Он вскочил на постели и с силой отвел ее руки.
— Вирджиния, скажи мне!
— Фрэнк, Боже мой, что ты говоришь? Сегодня утром?.. Я переехала сюда с Резерфорд-стрит больше полутора лет назад!
Оба являли собой классический образец донельзя взволнованных и напуганных людей. Быстрым движением Фрэнк опрокинул в рот содержимое стакана и сжал голову руками. Пустой стакан подрагивал рядом на пружинах кровати.
— Но я помню, как у дверей поцеловал тебя на прощание! — теряя всякую надежду, сказал он. — И я помню, как ты крикнула мне вслед: «Ты не забыл шарф? Сегодня холодно».
— Фрэнк, — сказала она, — но даже погода могла бы тебе подсказать правду — ведь сегодня тепло, и на тебе не было ни шарфа, ни даже пальто. Ты ушел зимой, а сейчас весна. Тогда было тридцатое января тысяча девятьсот тридцать восьмого года. Я никогда не забуду этот день… не смогу забыть. А сегодня… Подожди, я хочу, чтобы ты сам убедился.

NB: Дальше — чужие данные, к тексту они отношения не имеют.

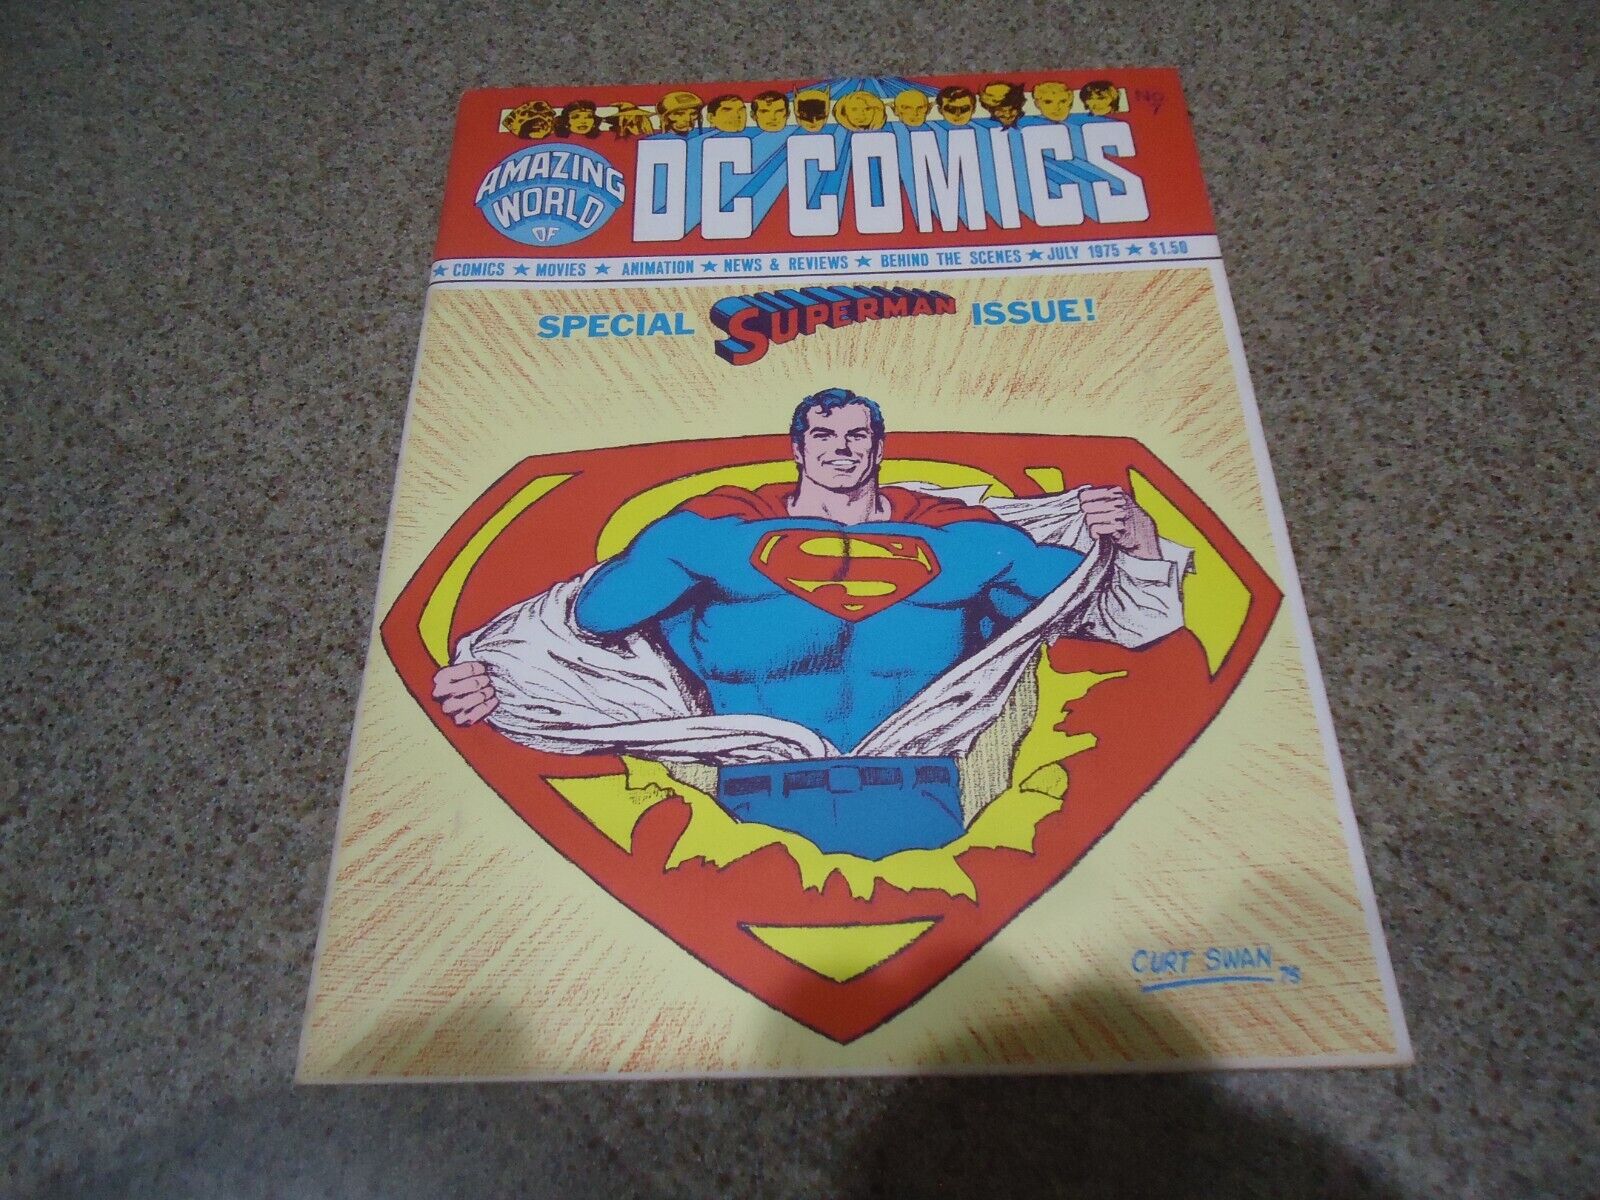 AMAZING WORLD OF DC COMICS #7 HIGH GRADE WITH POSTER

Вирджиния выскользнула из комнаты, через минуту возвратилась с вечерней газетой и протянула ему.
Фрэнк с ужасом остановил взгляд на дате: 10 мая 1941!
Листы отброшенной газеты веером разлетелись по полу, а он с силой прижал костяшки пальцев к глазницам.
— Боже мой! Что же происходило в течение всего этого времени? В течение этих недель, месяцев, лет? Ведь я помню все до последней мелочи, что происходило в то утро. Я даже помню, что накануне мы ходили в кино посмотреть Макдональда и Эдди в «Розали». Мне кажется, это было вчера. А сегодня после того, как на Тиллари-стрит мне на голову свалился кусок карниза, и после того, как врачи привели меня в порядок, я просто продолжил путь домой. К себе домой. Что произошло за эти полтора года?
— Ты ничего не помнишь?
— Это время пролетело, как щелчок секундной стрелки. Даже еще быстрее, ведь щелчок остается в памяти и ты можешь припомнить его, если надо. А это время пролетело так, словно его и не было.